At each corner, cut out a square of fabric. Go about five to seven inches diagonally into the fabric to get this square (but I always thought seven was a little much, it just depends on how long you want the tabs of fabric to be when you tie them. The longer, the easier, but the shorter your blanket will be).
Start cutting flaps of fabric into the edges of the blanket, keeping the pieces together. You want them to be about an inch wide or a little wider, too thin and the flaps might wear down more quickly. Make the flaps 3 1/2 to 4 inches into the blanket, or longer if you like. Keep in mind that, like any fabric, fleece has a grain to follow, so even when you cut the flaps as evenly as you can, two sides will be more stretchy than the others. That makes tying those un-stretchy sides a little more difficult, because the flaps aren't as obedient. Not troublesome, but more difficult.
Once you've cut squares into the four corners and cut flaps into the edges, begin tying the flaps of the bottom and top pieces of fabric together. I find that holding down the flaps ahead of the ones you are currently tying (with a foot like I do, or something else heavy but easily movable) will help keep the fabric more even for tying the flaps that come after. The corners always get puckered and scrunched, but other than that, things mostly stay flat. (A little tip: when it comes to corners: Tie the flaps directly in front of the flaps edging the cut-out square on either side of the square, because that will make tying the pieces on the edges easier; they won't get as puckered and scrunched and difficult to distinguish from the other knots.)
Wrap your dog up with you on the floor and watch Stargate SG1 with Dad (and miss Daniel and wish Jonas hadn't replaced him).
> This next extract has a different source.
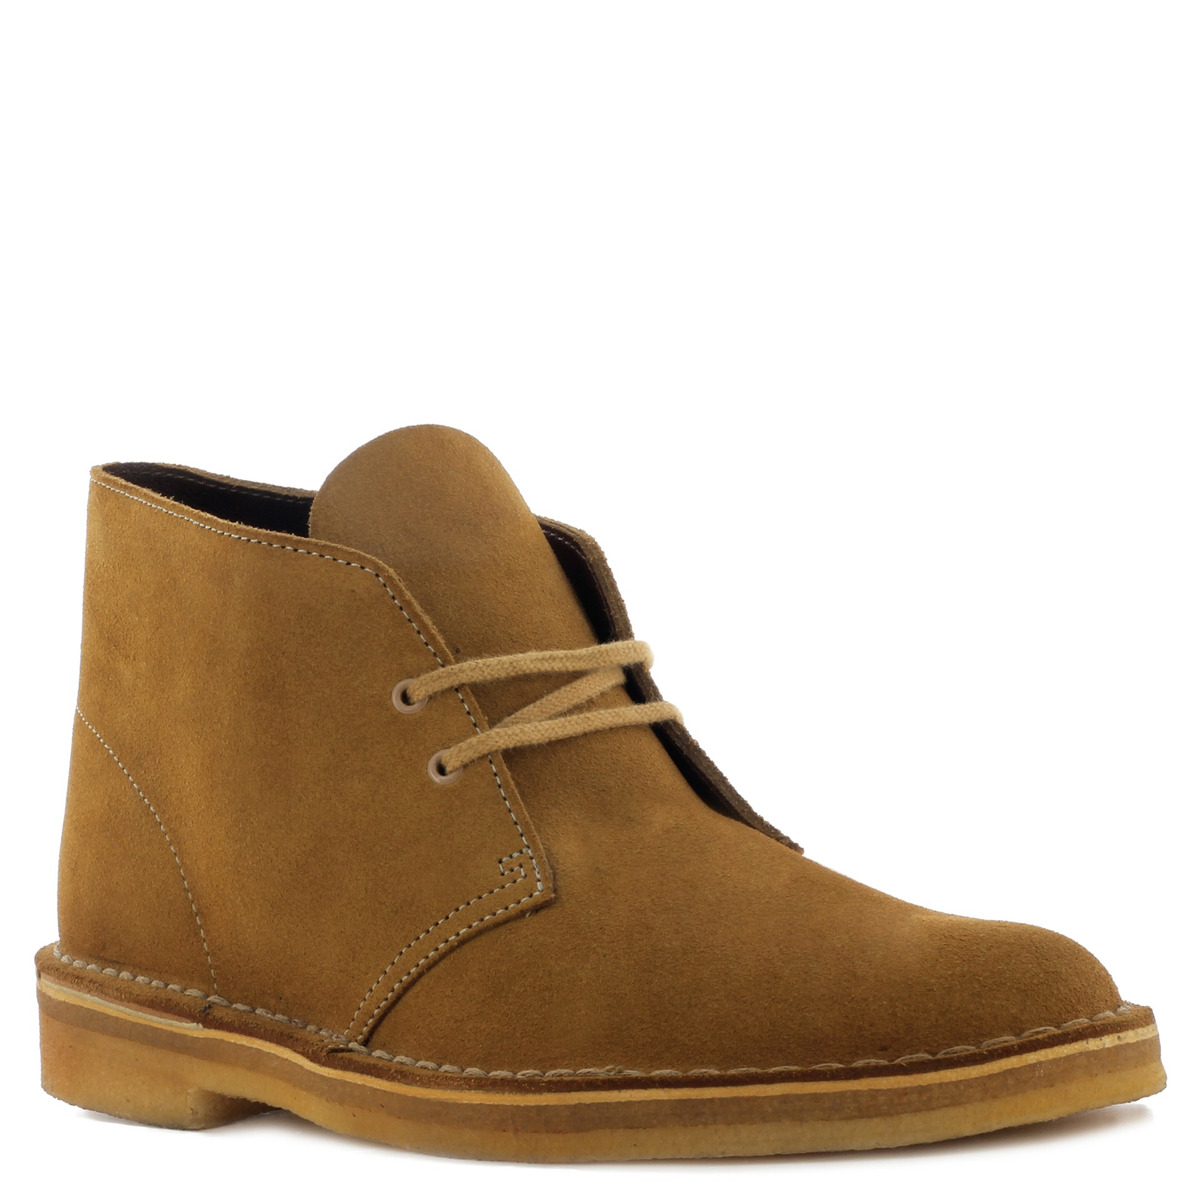 Desert Boot 098858133 Hombre 061 Bota Clarks LqVGMpSUz

For a quick project, these are always worth it. If you decide you need more blankets for your cold feet and something to numb your brain with, they're waiting for you. It's also easy, so doing it with younger kids or siblings (or cousins, nieces, etc... :P ) will make them feel included and like you're doing something as a family.
Just don't let your mom mess up the even pieces while she's trying to take pictures of you. ;)
Anyone have a godly, good-looking, traditional Christian son who is preferably within the age range of 17-20?